--- a/website/recoll_XMP/index.txt
+++ b/website/recoll_XMP/index.txt
@@ -8,10 +8,9 @@
recoll 1.23.2, but the new handler can be used with previous Recoll
versions).
-This page was adapted from the text by Jeffrey Dick, using input from
-Johannes Menzel, (especially the result list paragraph format),
-adapting things for the new handler. The discussion which led to the
-updated handler is a
+I based this page on the text by Jeffrey Dick, using input from Johannes
+Menzel for all examples about the new features. The discussion which led to
+the updated handler is a
link:https://bitbucket.org/medoc/recoll/issues/300/extracting-xmp-metadata-and-tmsu-tags[Bitbucket
Recoll issue].
@@ -42,46 +41,51 @@
image::jabref_metadata.png[Editing metadata with jabref]
-== Custom indexing (fields file)
-
-Let's create two fields named "year" and "journal". The prefixes
-starting with "XY" are extension prefixes that are added to the terms
-in the Xapian database (Recoll internally does not use prefixes
-starting with XY). Additionally, the year and journal are stored so
-they can be displayed in the results list. Some other types of
-metadata, such as title, author and keywords, are already indexed by
-Recoll (the default rclpdf finds them using the *pdftotext*
-command) so there is no need to add those to the [prefixes] section.
-
-Add this text to the fields file in your Recoll configuration
-directory ('~/.recoll/fields').
+== Custom indexing short example (fields file)
+
+The following example (extract from a complete configuration shown later)

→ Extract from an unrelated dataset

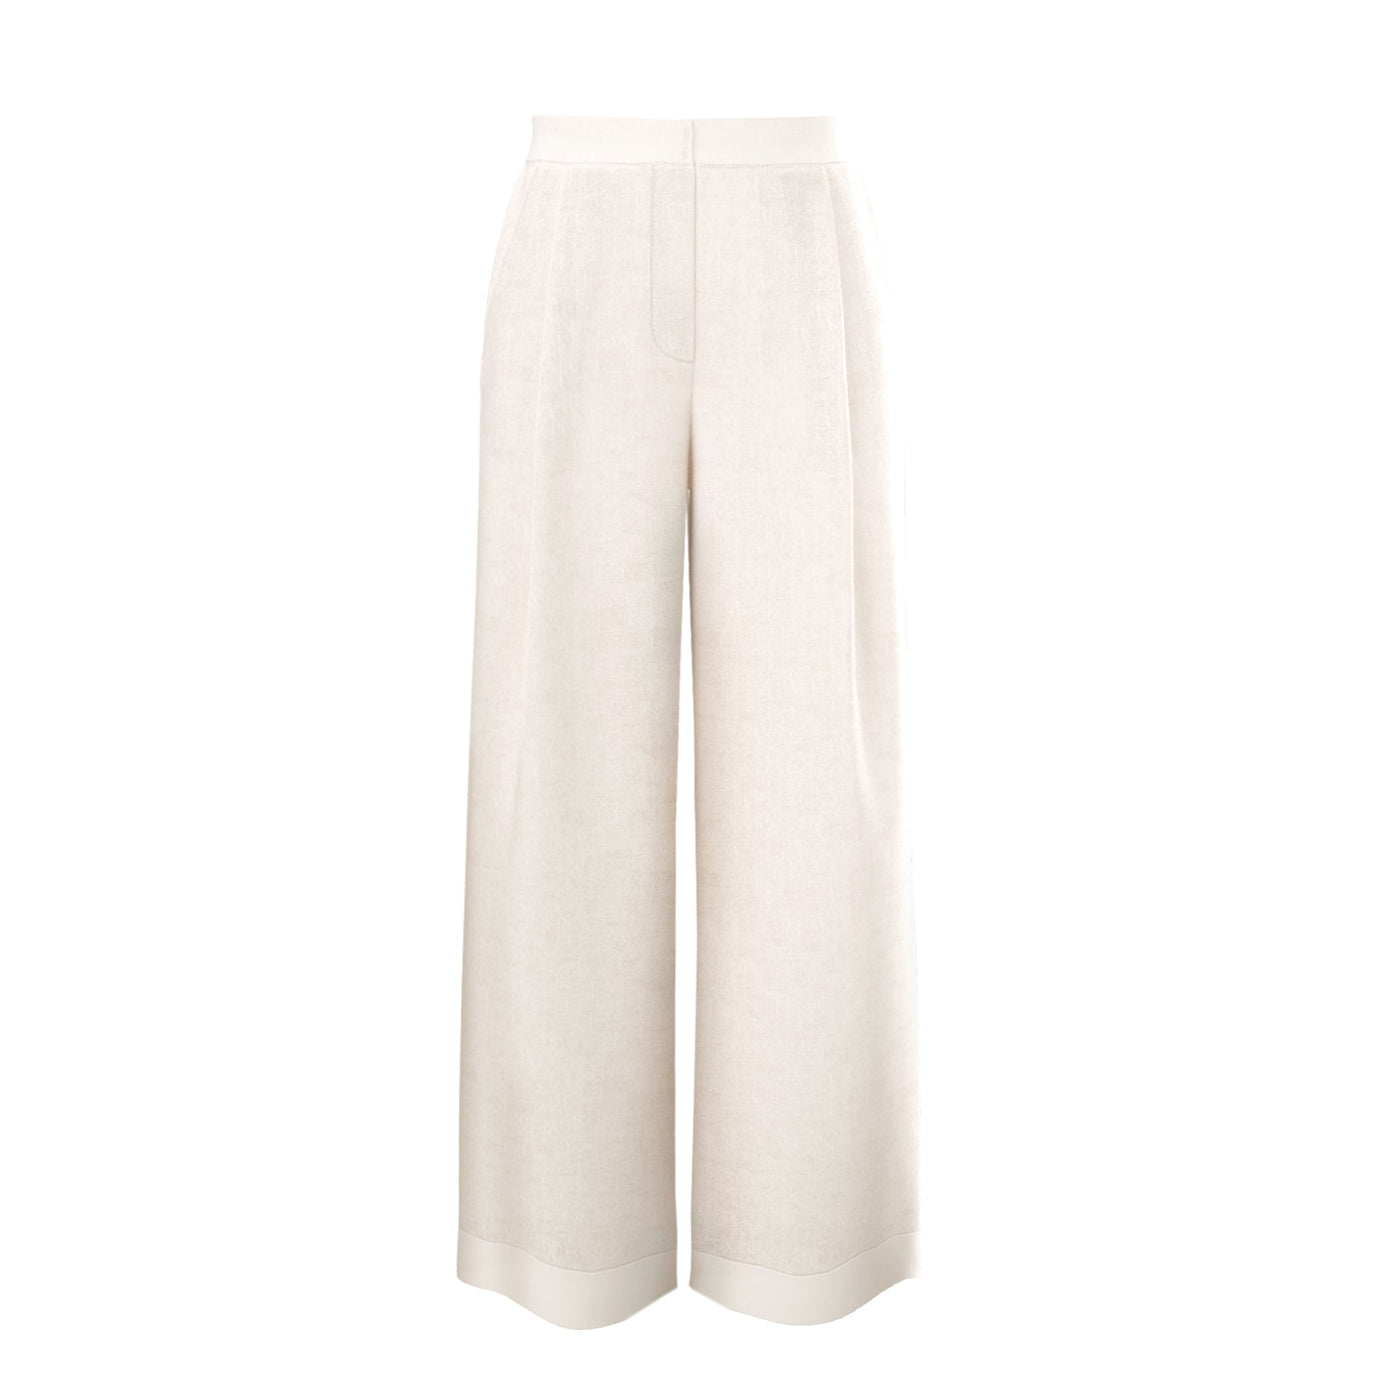 Lilly Pilly Collection Oli pants made from 100% Organic linen in Ivory, as 3D model showing back view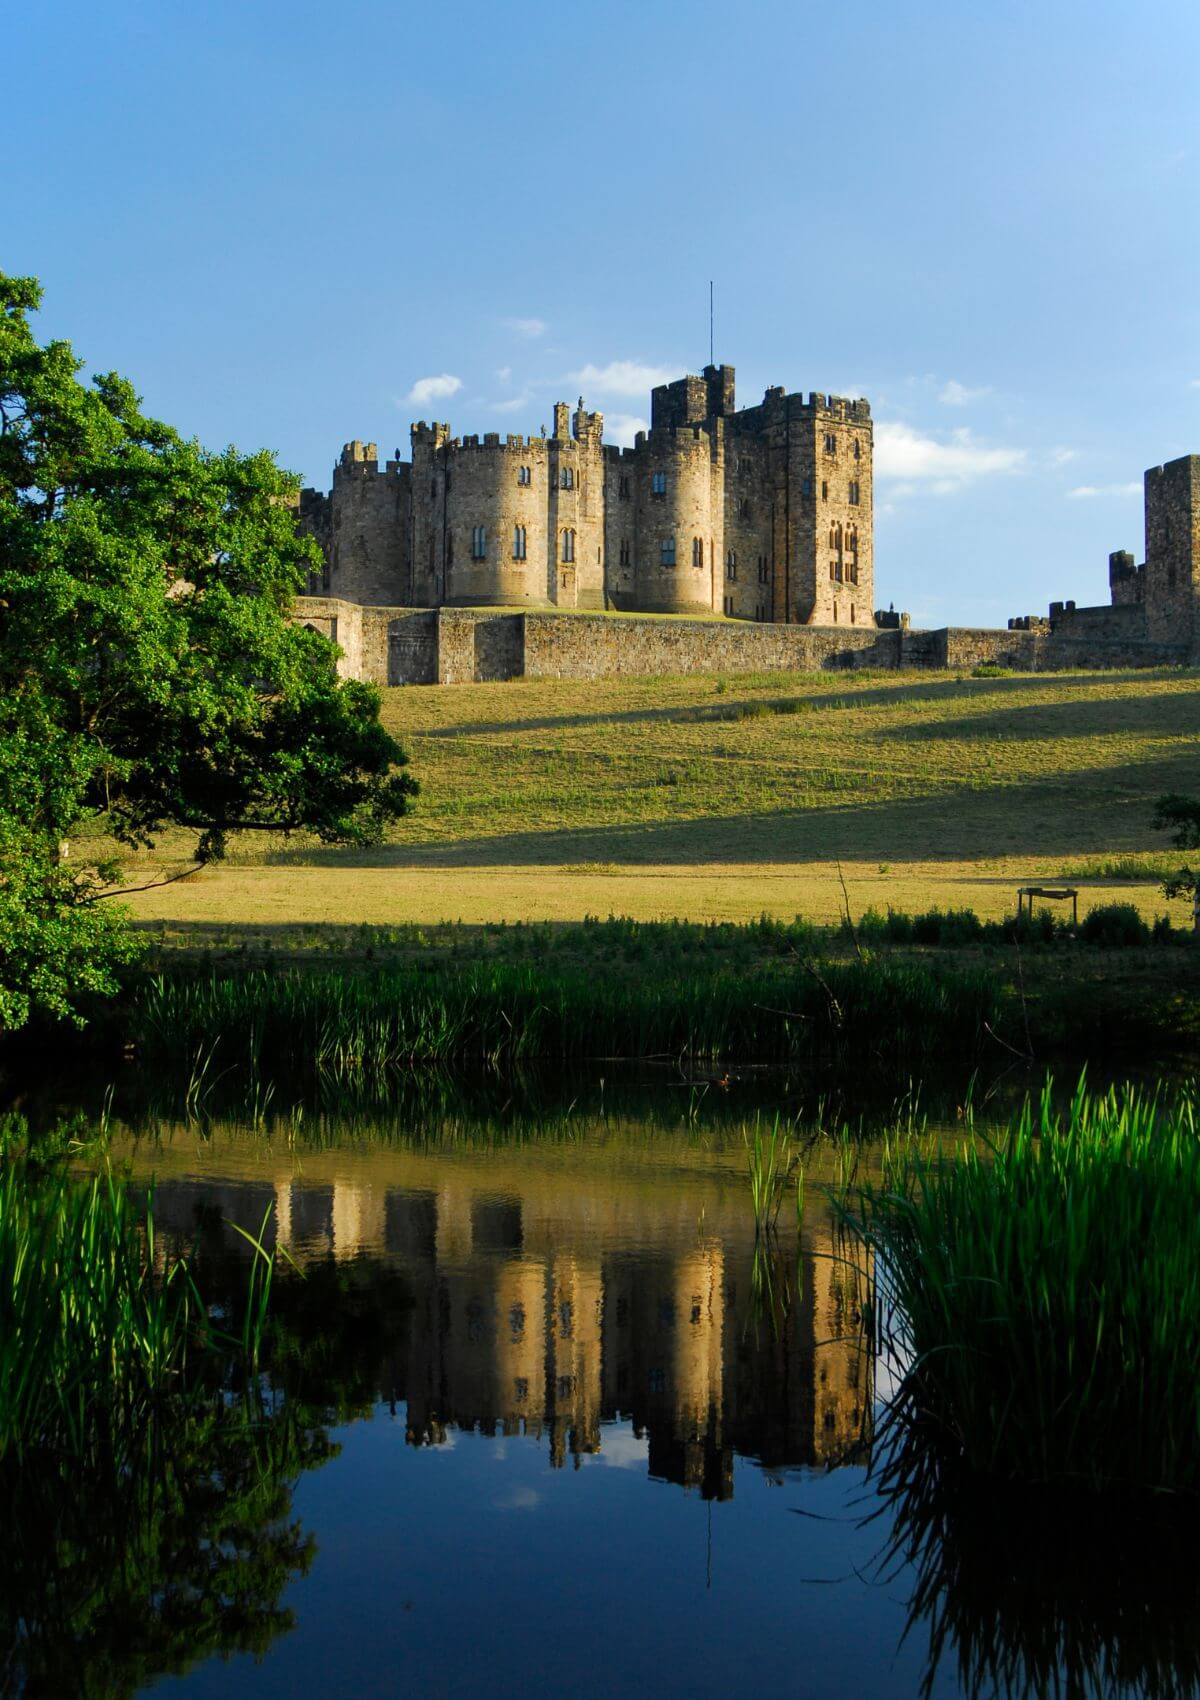 Alnwick Castle is one of England's biggest castles

+creates two fields named "refjournal" and "refpages", which are both stored
+(so they can be displayed in result list entries), and indexed (you can
+specifically search them).
+
+Some other types of metadata, such as title, author and keywords, are
+already indexed by Recoll (the default rclpdf finds them using the
+*pdftotext* command) so there is no need to add those to the [prefixes]
+section.
+
+This is taken from the `fields` file inside the configuration
+(e.g. '~/.recoll/fields').
+
----
[prefixes]
-year = XYEAR
-journal = XYJOUR
+refjournal=RFJOURNAL
+refpages=RFPAGES
[stored]
-bibtex:year =
-bibtex:journal =
+refjournal =
+refpages =
+
+[aliases]
+refjournal = bibtex:journal bibtex:journaltitle
+refpages = bibtex:pages
----
== Telling the handler what fields to extract
-As of Recoll 1.23.2, the PDF handler has the capability to use
-*pdfinfo* for extracting XMP metadata. The switch for executing *pdfinfo*
-is the 'pdfextrameta' configuration parameter, and the value of the
-parameter is a list of XMP tags to extract, with optional conversion
-to Recoll field names (the XMP qualified tag name is kept by
-default). Example:
-
-----
-pdfextrameta = bibtex:year bibtex:journal bibtex:booktitle|title
-----
-
-Here, 'bibtex:year' and 'bibtex:journal' are used directly, and
-'bibtex:booktitle' is translated to 'title' (the example is not
-supposed to make sense)
+As of Recoll 1.23.2, the PDF handler has the capability to use *pdfinfo*
+for extracting XMP metadata. The switch for executing *pdfinfo* is the
+'pdfextrameta' configuration parameter, and the value of the parameter is a
+list of XMP tags to extract, with optional conversion to Recoll field names
+(the XMP qualified tag name is kept by default, the translation is
+separated by a '|' character). Example (without translations):
+
+----
+pdfextrameta = bibtex:year bibtex:journal bibtex:journaltitle
+----
+
+Note that it is quite equivalent to translate a field name inside
+'pdfextrameta' or to uses aliases inside the 'fields' file.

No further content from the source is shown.